LanceDB provides two dataset types for use with PyTorch, each suited for different scenarios:

  • SafeLanceDataset: A "map-style" dataset ideal for finite datasets. It provides high-performance random access to your data.
  • LanceDataset: An "iterable-style" dataset designed for streaming or constantly updated datasets that may be too large to index in memory.

This page explains the differences between them and how to pick the best one for the job.

CriterionSafeLanceDataset (map‑style)LanceDataset (iterable‑style)
Data access patternRandom access via integer indices ✅Sequential streaming; no random access ❌
Indexing & memory footprintBuilds in‑memory index of all records (requires enough RAM for index)No full index; reads shards on the fly
Multi‑worker loadingFully supported—each worker gets its own slice via PyTorch’s samplersWorkers share the iterator; use ShardedFragmentSampler to split work
Prefetching & multiprocessingLeverages PyTorch’s prefetching, caching, and multiprocessingLimited to what your iterable and sampler can buffer; may require custom logic
Typical use casesFixed, finite datasets (ImageNet, CIFAR, COCO, large text corpora)Streaming/unbounded data (real‑time feeds, logs, social media)
Sampling & sharding flexibilityUses PyTorch’s RandomSampler or DistributedSampler for uniform splitsBuilt‑in ShardedFragmentSampler that understands Lance shards—no inter‑worker coordination needed
Distributed trainingEasy to split with DistributedSampler when num_workers > 0Use iterable‑aware samplers to ensure each process reads distinct fragments
Throughput & performanceHighest throughput when dataset index fits in memory and you can use multiple workersScales to arbitrarily large or infinite data; optimized for sequential reads on huge datasets
When to choose• Your dataset size is moderate and indexable in RAM
• You want max random‑access throughput & simple multi‑worker setup
• You’re dealing with streaming/unbounded data
• Your data is too big to index in RAM
• You need custom sharding

When to Use Each Dataset Type

Both dataset types let you stream your training data from Tigris, but picking the right option depends on your use case.
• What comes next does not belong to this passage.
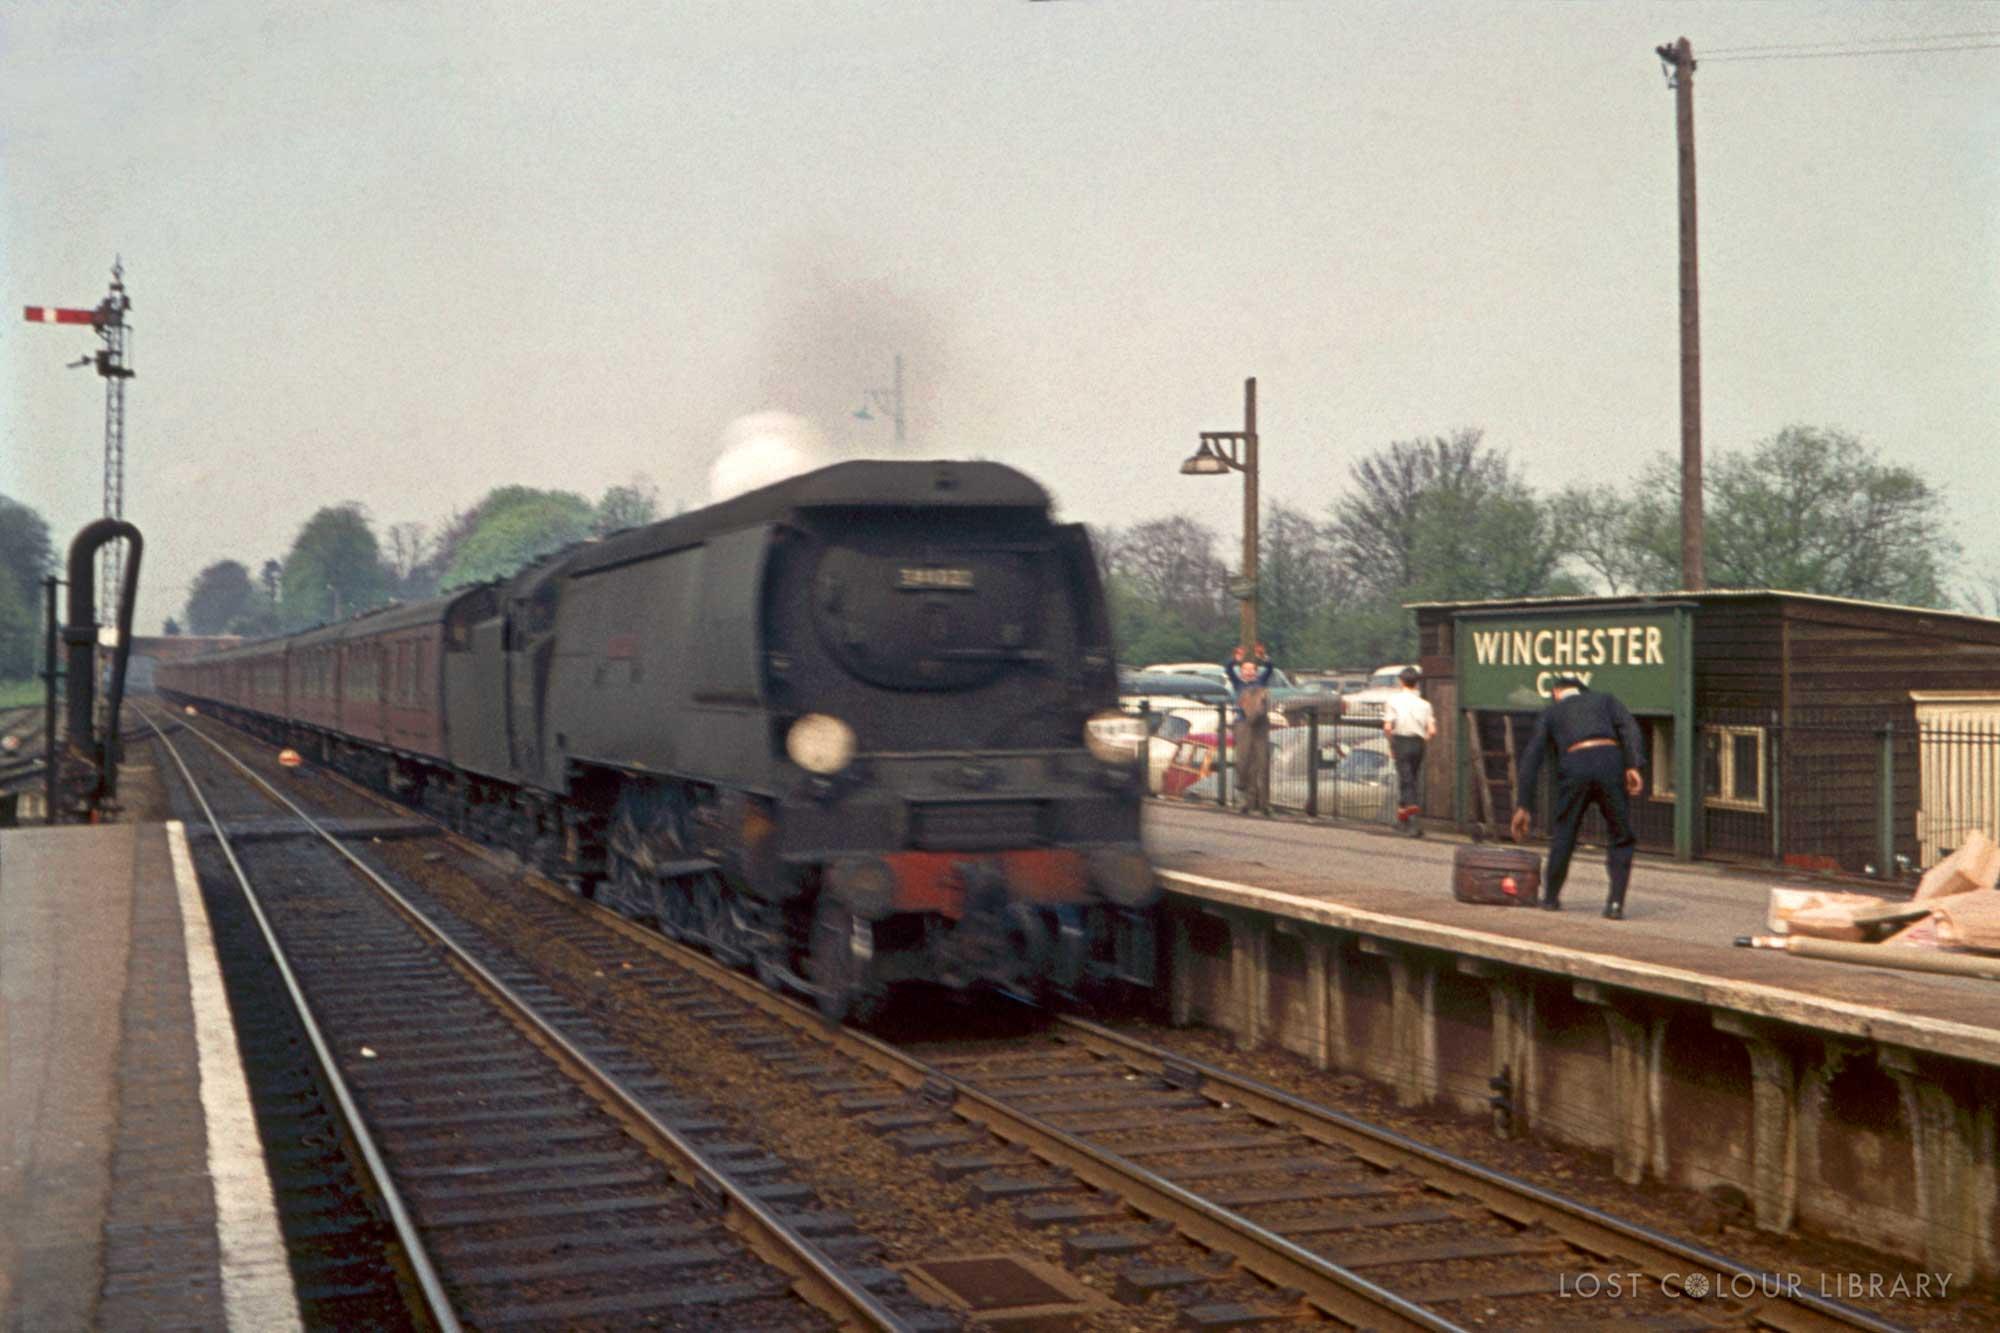 lcl-ww-winchester-train-1960s-site-wm.jpg

Use SafeLanceDataset for Finite Datasets

SafeLanceDataset is a map-style dataset and should be your default choice for most standard, finite datasets. If your data can be indexed (most image, text, or tabular datasets fall in this category), SafeLanceDataset is the way to go.

It works by building an index of all records in your dataset, which needs to fit into your system's RAM. The dataset itself, however, can be much larger than your available memory and live in Tigris. This in-memory index allows for very fast, random access to any item, which is essential for efficient shuffling and for using multiple workers (num_workers > 0 in PyTorch's DataLoader) to parallelize and speed up data loading. This makes it ideal for common supervised learning datasets like ImageNet, COCO, or large text corpuses.

If you are in doubt, start with SafeLanceDataset.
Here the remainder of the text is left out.